Guizani I, Van Eys G J, Ismail R B, Dellagi K
Laboratoire d'Hematologie et d'Immunopathologie, Faculte de Medecine de Tunis, Tunisia.
Am J Trop Med Hyg. 1994 May;50(5):632-40. doi: 10.4269/ajtmh.1994.50.632.
Recombinant DNA probes from a genomic Leishmania major library were screened for their potential to distinguish among Old World Leishmania taxa by Southern blot analysis. A probe, pDK10, was selected and tested on a panel of 58 Old World Leishmania strains that had already been typed isoenzymatically; these strains belong to the different species described so far and had been isolated from various hosts and vectors in 14 countries. In the present study, 45 zymodemes were represented. Using the pDK10 probe, we were able to differentiate between the different phenetic complexes. No variations in hybridization patterns were found within these complexes. In addition, there was a good concordance between identification based on DNA hybridization with the pDK10 probe and that based on isoenzyme typing. The probe has been applied in identifying Leishmania strains that were isolated in Tunisia from humans, animals, or insects. Our results show that the application of the pDK10 probe, in combination with a Pst I digestion of Leishmania DNA, could be a possible alternative to isoenzyme analysis for the identification of Leishmania strains.
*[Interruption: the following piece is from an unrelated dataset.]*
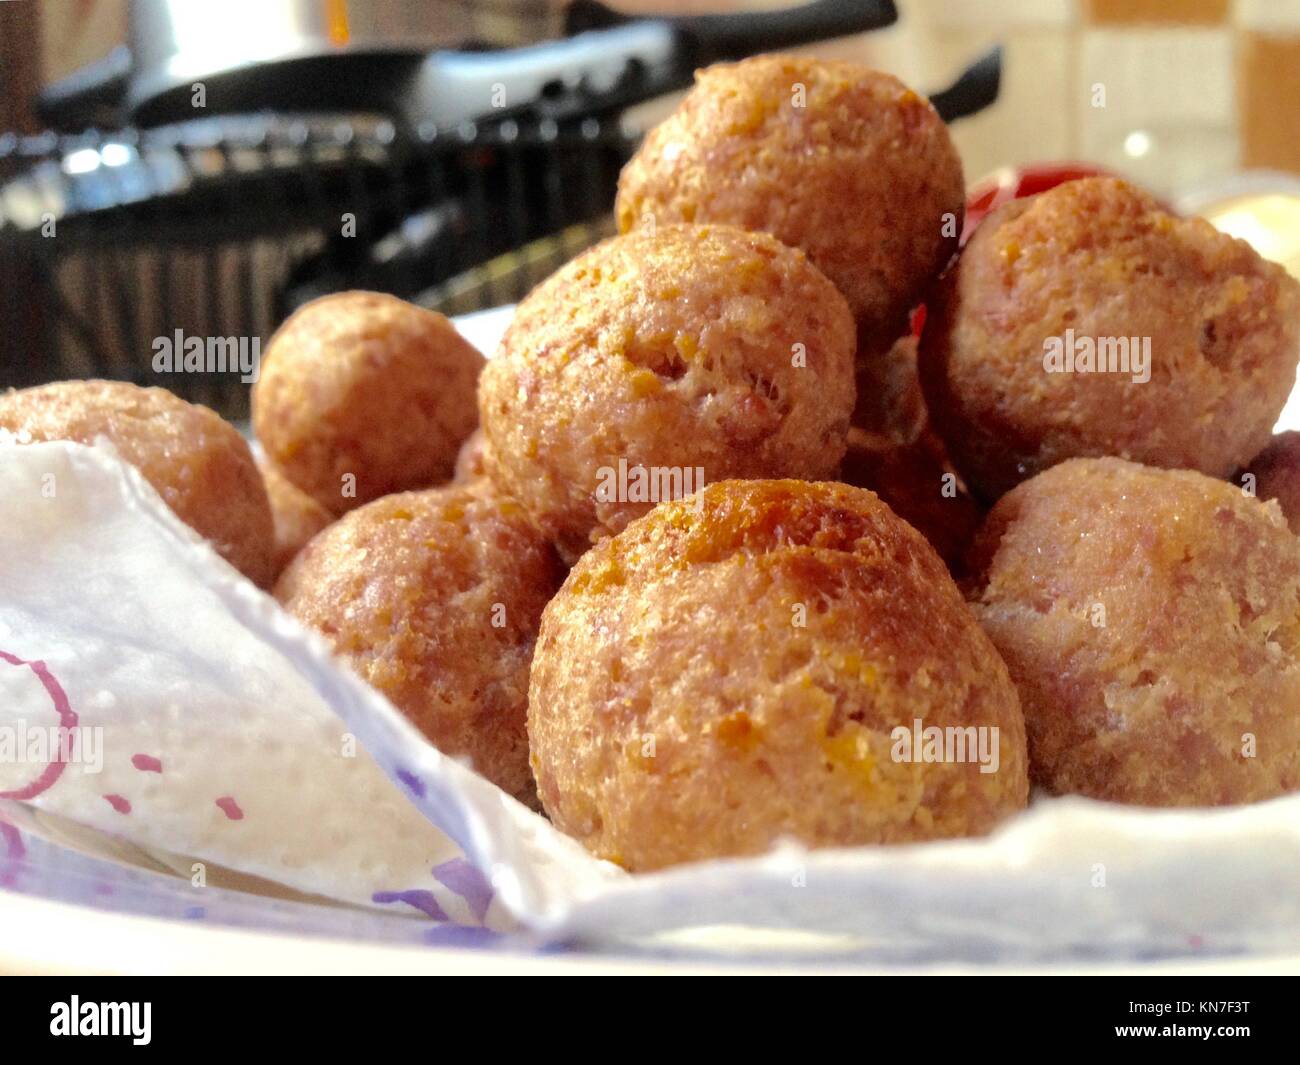 Fried large homemade meatballs for dinner. Stock Photo

通过Southern印迹分析,对来自硕大利什曼原虫基因组文库的重组DNA探针进行筛选,以评估其区分旧大陆利什曼原虫分类群的潜力。选择了一个探针pDK10,并在一组58株已通过同工酶法分型的旧大陆利什曼原虫菌株上进行测试;这些菌株属于目前已描述的不同物种,并且是从14个国家的各种宿主和媒介中分离得到的。在本研究中,代表了45个酶解模式。使用pDK10探针,我们能够区分不同的表型复合体。在这些复合体内未发现杂交模式的变化。此外,基于pDK10探针的DNA杂交鉴定与基于同工酶分型的鉴定之间具有良好的一致性。该探针已应用于鉴定在突尼斯从人、动物或昆虫中分离出的利什曼原虫菌株。我们的结果表明,将pDK10探针与利什曼原虫DNA的Pst I消化相结合应用,可能是替代同工酶分析用于鉴定利什曼原虫菌株的一种方法。